FIG. 3 is an operation waveform diagram of a switching element of an inverter in a parallel operation protection system for an uninterruptible power supply according to an embodiment of the present invention.

FIG. 4 is an operation waveform diagram of a switching element of an inverter in a parallel operation protection system for an uninterruptible power supply according to another embodiment of the present invention.

FIG. 5 is a block diagram of a conventional parallel operation protection system for an uninterruptible power supply.
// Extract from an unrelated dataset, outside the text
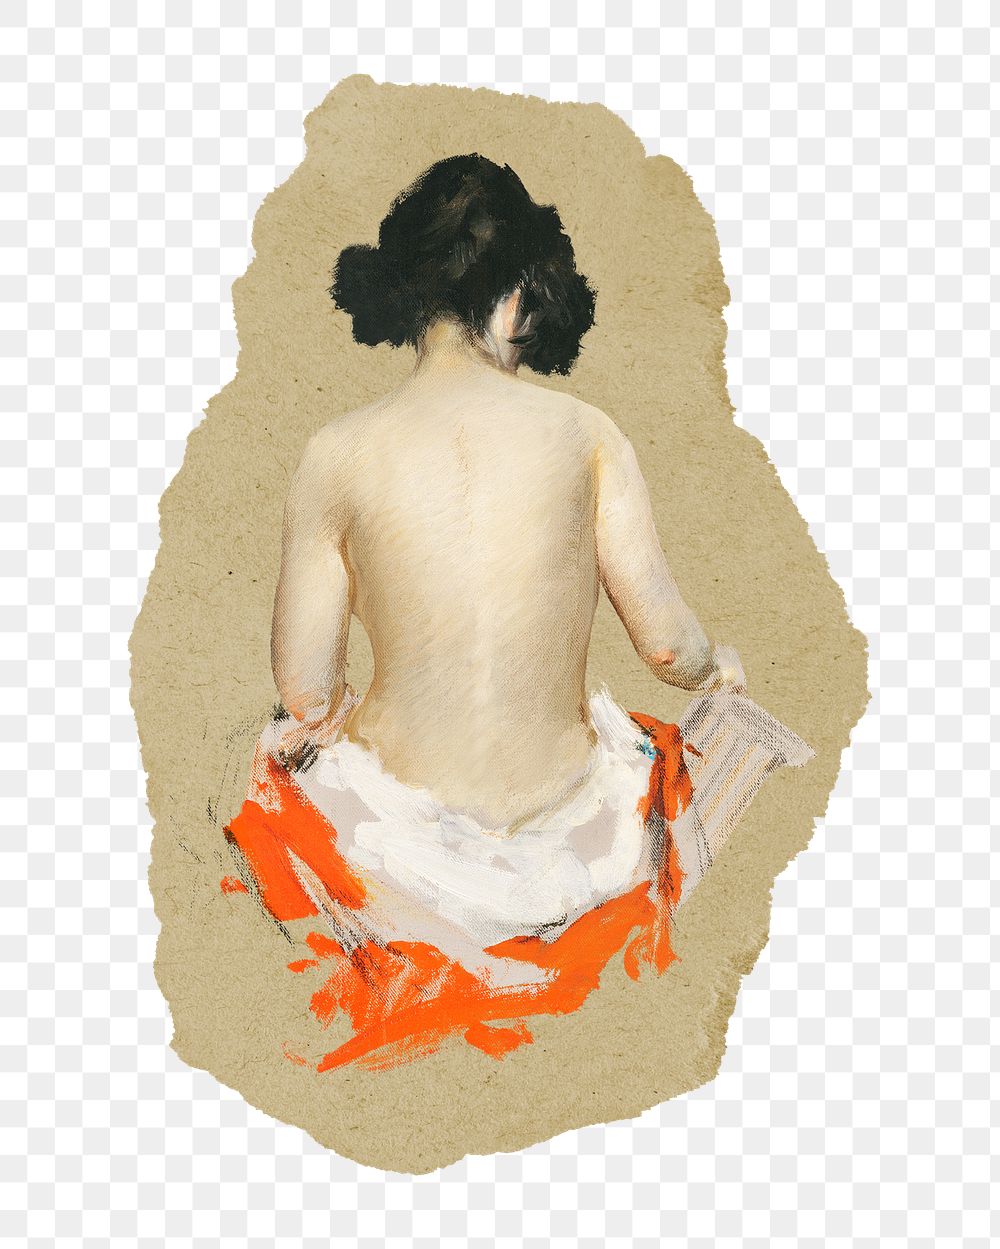 Png naked Japanese woman sticker, vintage artwork, transparent background, ripped paper badge

FIG. 6 is a circuit diagram of an inverter used in a parallel operation protection system for a conventional uninterruptible power supply.

[Explanation of symbols]

 DESCRIPTION OF SYMBOLS 1 ... AC power supply 2 ... Rectifier circuit 3 ... Switch circuit 4 ... DC filter 5 ... Inverter 6 ... AC filter 8 ... Switching circuit 14 ... Load 15 ... Current detector 16 ... Capacitors 18u-18z ... Power transistors 22u-22z ... Fuse USP1 ~ USP3 ... Uninterruptible power supply

Claims (2)

[Claims] 1. A plurality of uninterruptible power supply devices connected in parallel to each other, wherein direct current power obtained by converting alternating current power of an alternating current power supply or direct current power of a battery is converted into alternating current power by an inverter and supplied to a load through a switching circuit. In the system, a short-circuit current protection element is provided in each arm of the inverter, the short-circuit failure of a switching element forming the inverter is detected, and the switching circuit is turned off, and switching of all arms of the inverter is performed. Turn off the elements, and then turn off the switching elements of all the arms on the opposite side of the arm to which the switching element that caused the short-circuit failure to the load is connected, and then turn on the switching elements of the remaining arms on the short-circuited side. A parallel operation protection system for uninterruptible power supplies, which is characterized by: 2. A plurality of uninterruptible power supply devices connected in parallel, wherein direct current power obtained by converting alternating current power of an alternating current power supply or direct current power of a battery is converted into alternating current power by an inverter and supplied to a load through a switching circuit. In the system, a short-circuit current protection element is provided in each arm of the inverter, the short-circuit failure of a switching element forming the inverter is detected, and the switching circuit is turned off, and switching of all arms of the inverter is performed. Turn off the element, and then turn off all the switching elements of the arms on the opposite side of the arm to which the switching element that caused the short-circuit failure to the load is connected, and then turn off the switching elements of the remaining arms on the short-circuited side. A parallel operation protection system for uninterruptible power supplies characterized by turning on.